THE ROAD TO FREEDOM
Ambitious 10-part Amazon series The Underground Railroad sees James Laxton ASC and Barry Jenkins unite once again, this time to tell a powerful story rooted in the history of the American South and atrocities of slavery. Cinematography with a unique tonal quality and authenticity documents courageous Cora’s epic journey as she fights for her freedom.
Filmmaking is like a dialect, according to James Laxton ASC. In the same way people who grew up in Texas or London speak the same language, but with a different accent, he believes the foundation of film is based around creative “accents”. “Barry [Jenkins] and I learned our visual language in the same place and at the same time when we were at film school together, so there’s an accent in our filmmaking that comes from that shared experience and references,” he says. “Our conversations about filmmaking feel effortless because we’re coming from the same place.”
Since their first meeting at Florida State University, the talent and shared visual language of cinematographer Laxton and director Barry Jenkins have created inimitable productions with powerful imagery and messages that live long in the memory, from their 2003 student short My Josephine through to critically acclaimed and award-winning films such as Moonlight (2016) and If Beale Street Could Talk (2018).
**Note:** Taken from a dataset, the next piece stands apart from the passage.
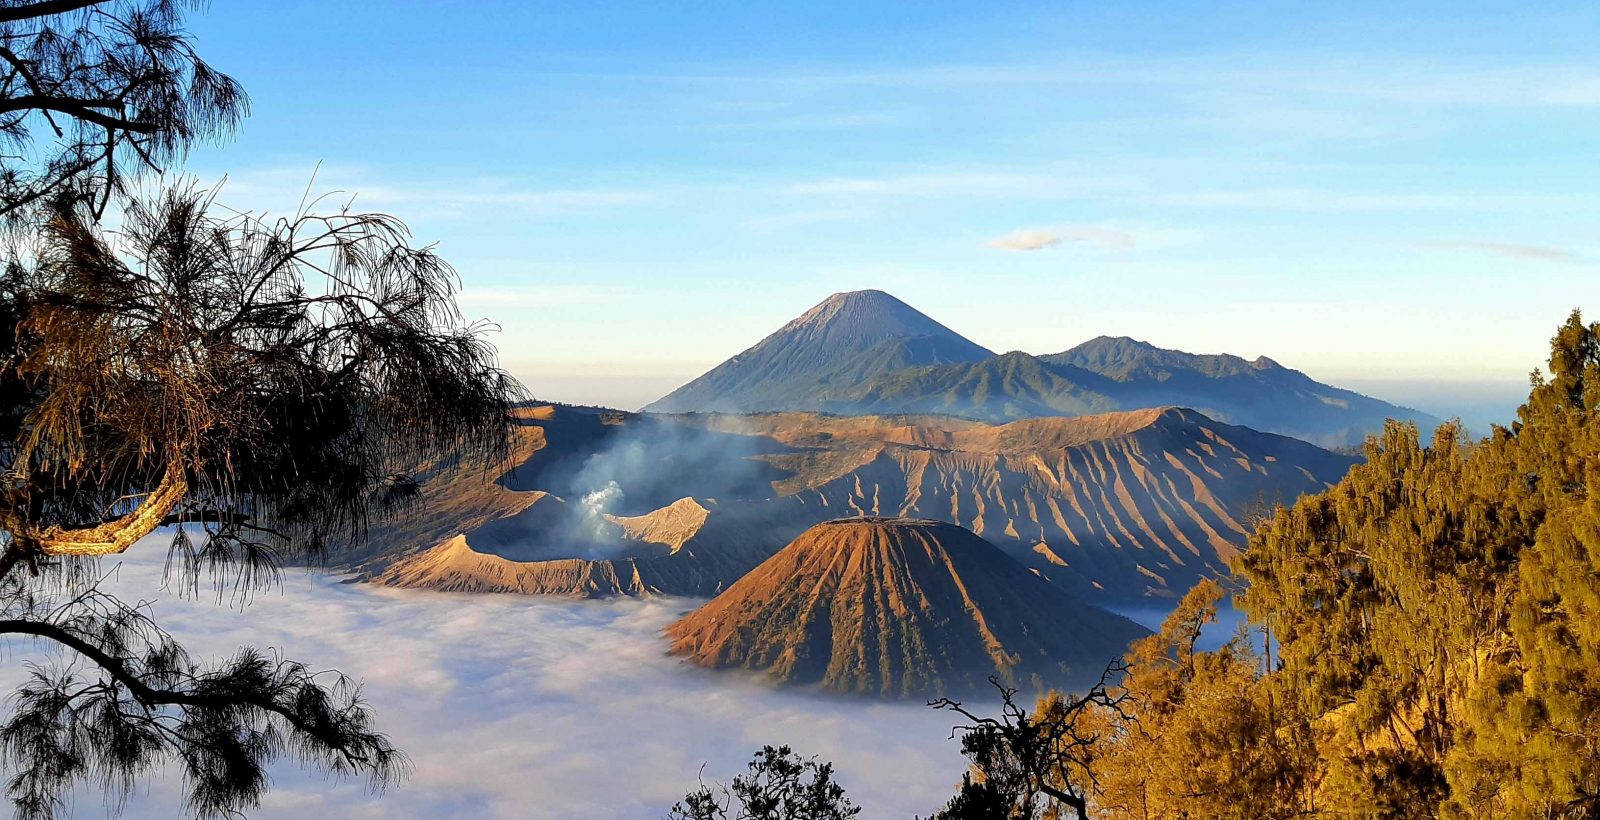 Referensi dan Rekomendasi Tempat Wisata di Indonesia: Keindahan Gunung Bromo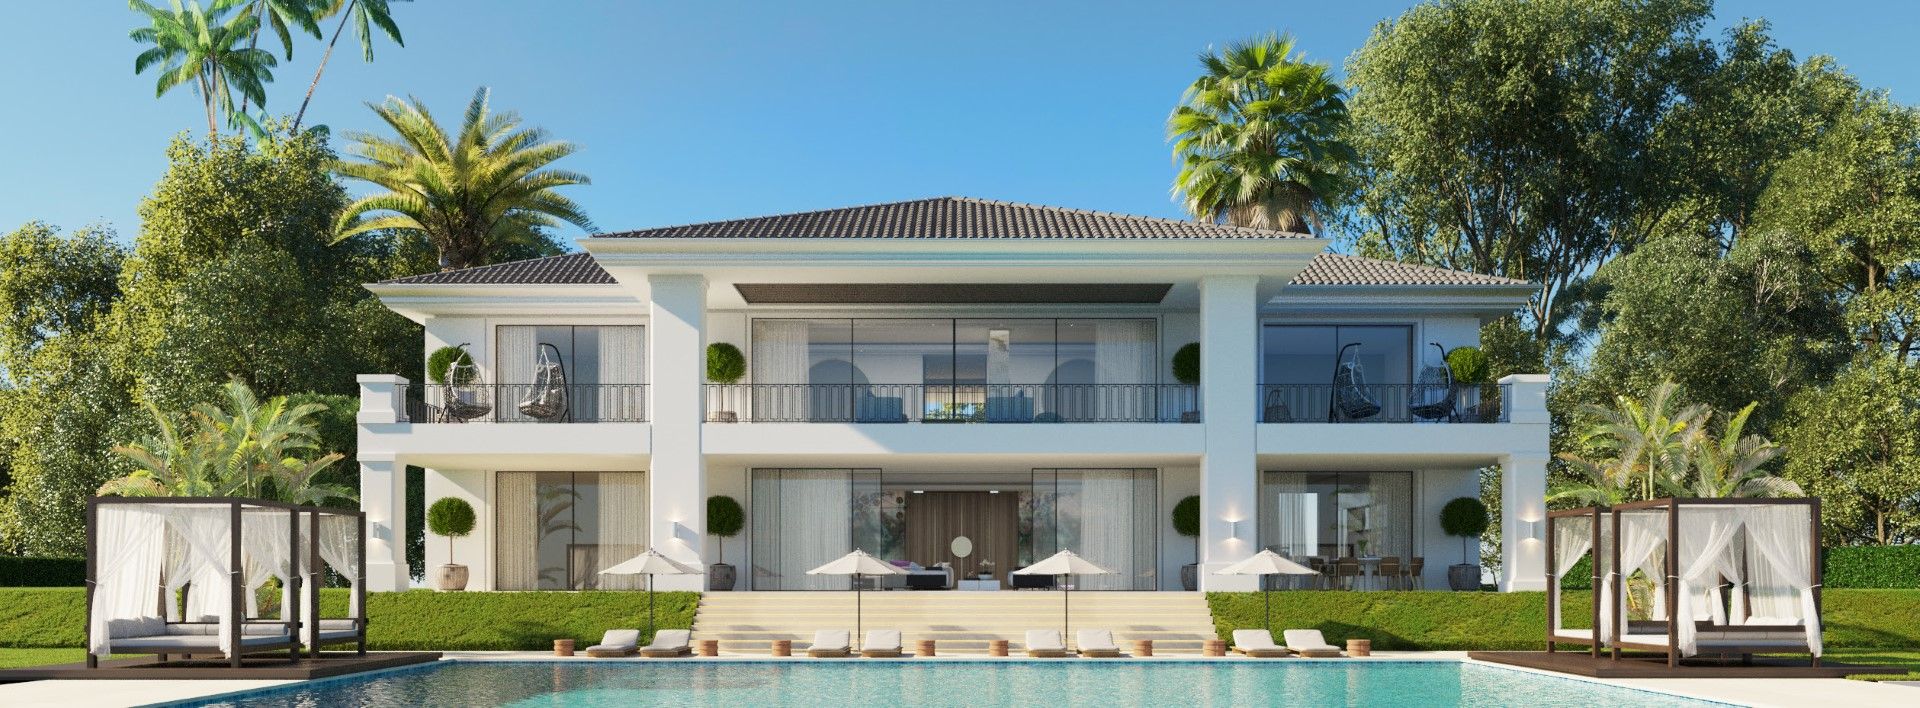 New stunning modern front line golf villa | Engel & Völkers Marbella

The pair’s latest production of epic scale and ambition, The Underground Railroad, is an adaptation of Colson Whitehead’s Pulitzer Prize-winning 2016 novel. The real underground railroad was established in the US during the mid-19th century and comprised of a network of people and safe houses that offered help and safety to African American slaves from Southern plantations, whereas the alternate history novel reimagines the escape network as a rail transport system and focuses principally on the journey of Cora and Caesar as they strive for freedom by escaping the plantation where they have been enslaved.
“Often, I will catch wind of something, or Barry will whisper something to me years earlier – it always starts as a casual conversation. Just after we shot Beale Street in early 2017, he began mentioning this project and asked if I wanted to get involved. The book is incredibly inspiring and visual, so off the bat you start thinking about a cinematic language for the series and what it should feel like emotionally, creating a visual blueprint,” says Laxton, who read the book before the script, which Jenkins co-wrote.
“Like any project with Barry, it’s an organic process that began with speaking loosely about the approach. When the script came a few months later, we talked more specifically about the camera, format, and lens choices.”
The Underground Railroad marked Laxton and Jenkins’ first television series and it was clear from the outset that 10 episodes rather than a feature film would be necessary to do the expansive journey and multitude of characters’ narratives justice. “To compress the novel into 90 minutes would cut too much out,” says Laxton. “The chapters that follow Cora’s travels from state to state are very episodic and lent themselves to a series which then required us to think about how to adapt the camera language to suit.”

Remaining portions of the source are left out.